Unfortunately, for my uses of Word I have to be able to use many of your "new features" from the start. I don't have the luxury of stumbling on them later; and by arbitrarily renaming, regrouping, relocating, and separating functions that I use together so that I have to wander around through multiple unidentifiable menus located in strange places, they've made it very much more difficult for me to use Word 2007 for what I expect to do with it. Feedback among other professional/advanced users is that they universally have the same problems and objections.

This would not be quite so much of a problem if there was useful documentation of the changes, but most "above-beginner-level" functions require opening many separate web pages1 (conveniently linked from the Word Help entires) and in effect wandering all over the Office 2007 web site to find what used to be single concise entries. KB articles typically are very specific about addressing a single topic in each article, so it's very rare to find one that addresses a "how to" in full.

1 Without a web connection to pull "help files" from the Microsoft web site, as when I'm sitting in my camper waiting for a festival to start, Word 2007 Help files are almost useless, since the content for advanced methods isn't in the program or anywhere on your local machine. You have to look for scattered KB articles and/or "white papers" at Microsoft to get what few answers have been written, and the needs of advanced users are very sparsely addressed.

I also find multiple explanations of how to do setups that were common that consist of "you can't do that in Word 2007." I'm sure that there is something else I can do to get the same, or pretty similar, result, and eventually I'll find it; but they don't tell me what the new procedure is that they've arbitrarily (and not very rationally) provided to replace what many more proficient users have used in previous versions.

If there was an alternate program to seriously compete with Word previous versions for advanced professional users, I'd be looking at it. I know enough about the alternatives to know my preferences and what I expect, and there is no acceptable alternate for what I use Word to do.
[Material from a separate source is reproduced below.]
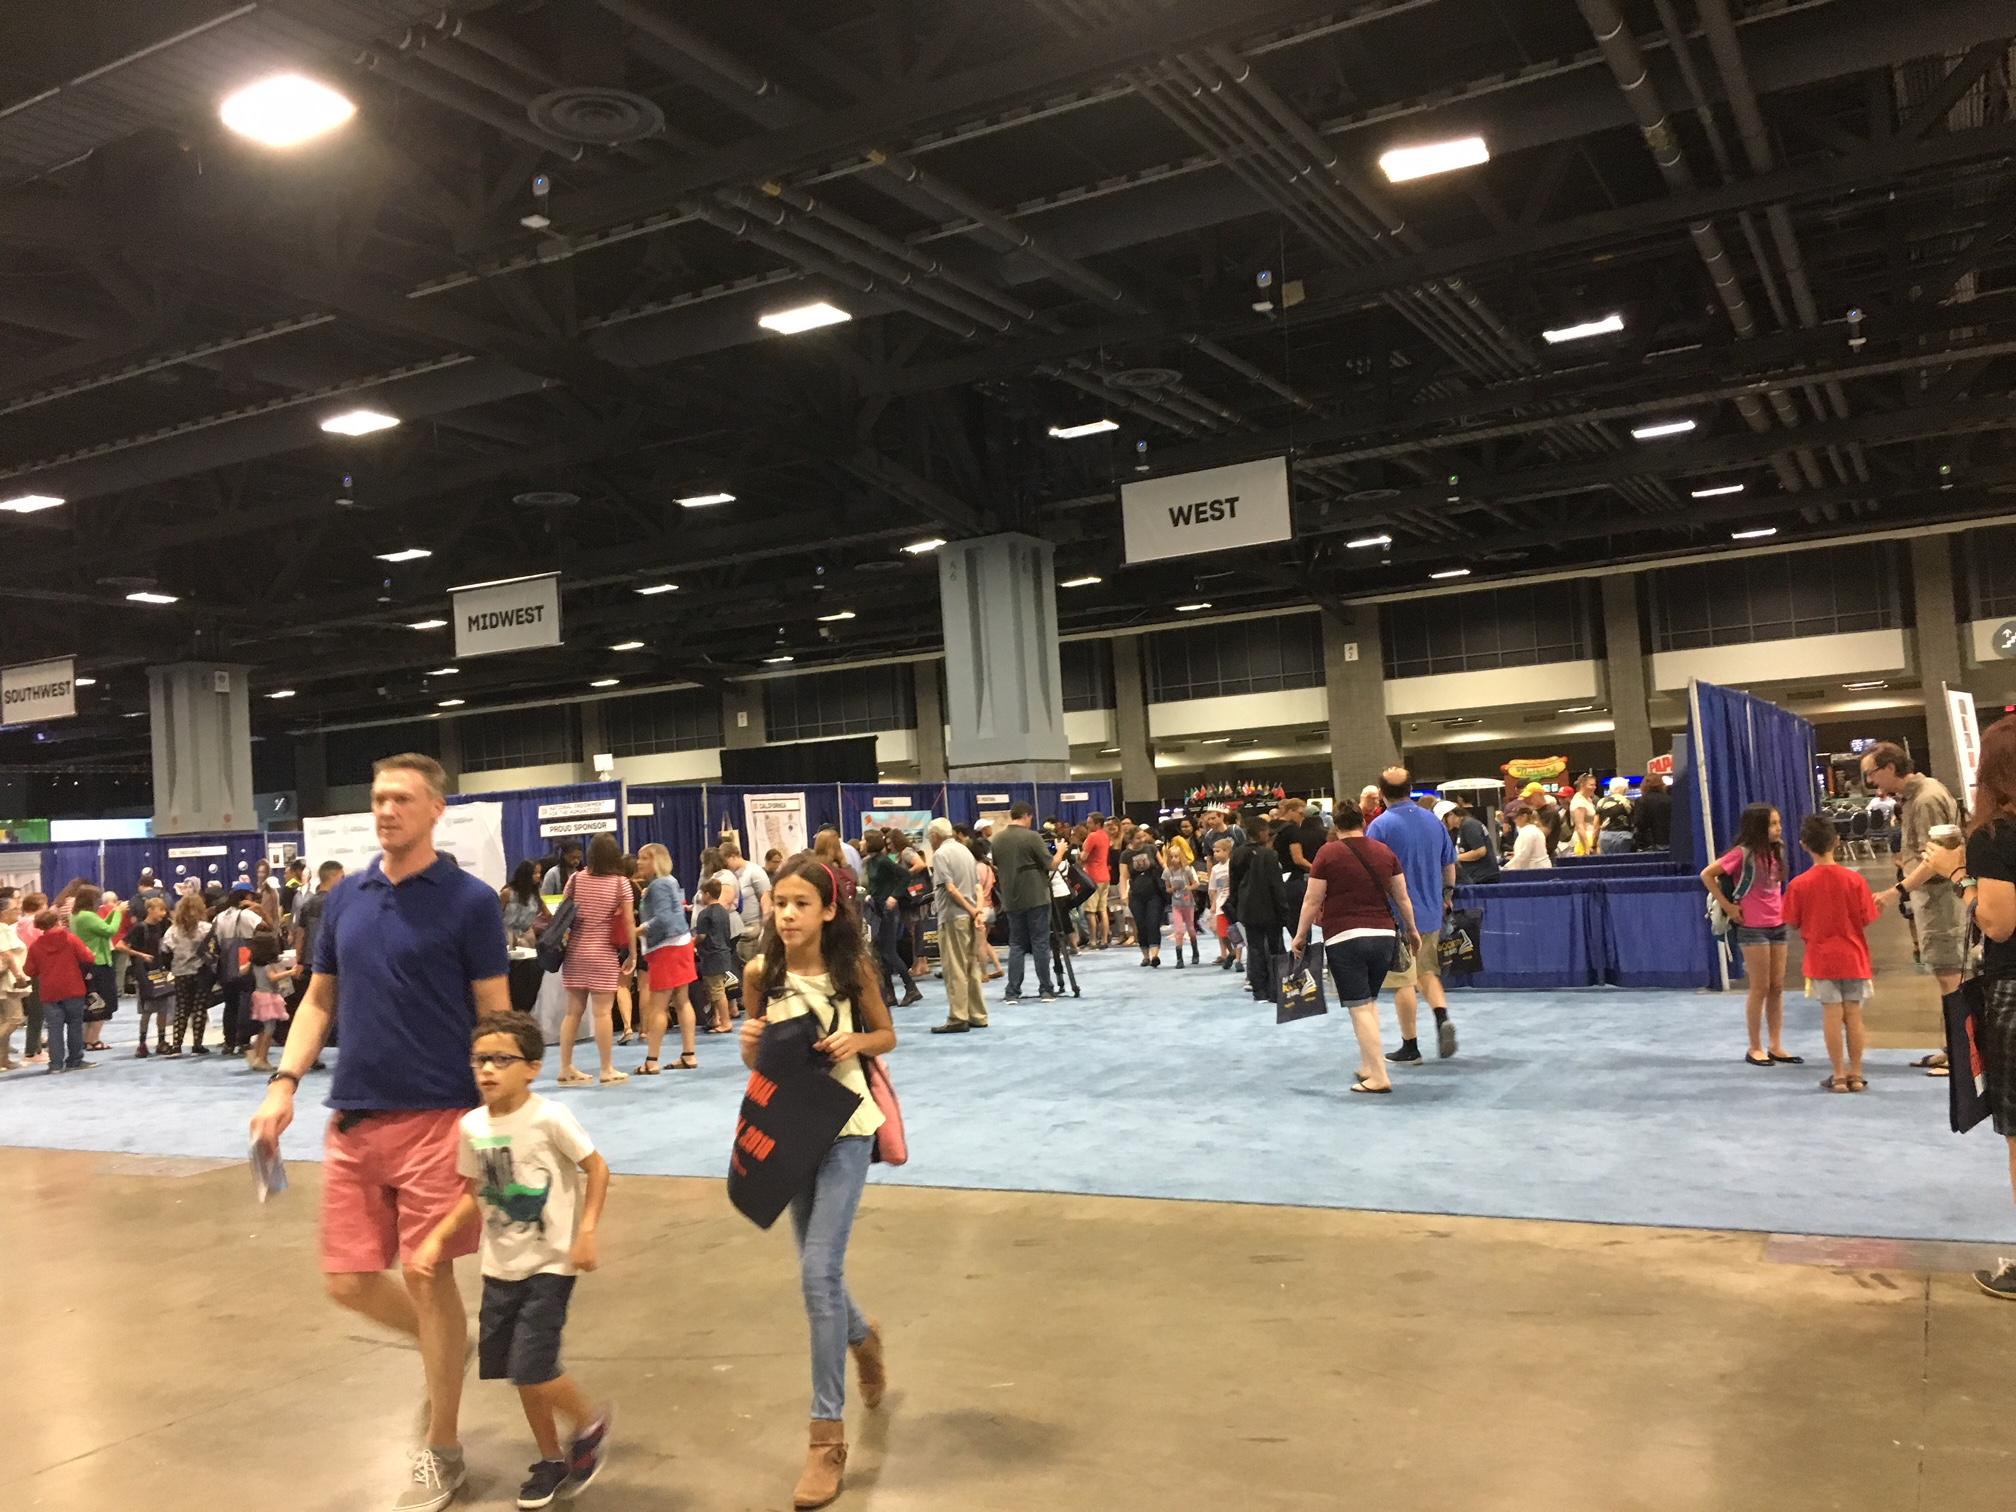 A view of the Walter E. Washington Convention Center floor

I expect to be able to make Word 2007 do what I need, but I should be able to RTFM and get answers reasonably quickly. There is no Word 2007 manual for advanced users, which is essentially my only really serious objection2.

2 (Except that my scroll wheel still doesn't work, was reported by MANY USERS five years ago in Beta 2, and Microsoft has no fix for it in Word 2007 Professional. Maybe all three of my "Microsoft Brand" mouses are "incompatible hardware," but they don't tell me so, they're the only ones on the shelf at my suppliers, and Microsoft doesn't choose to tell me what to get instead.)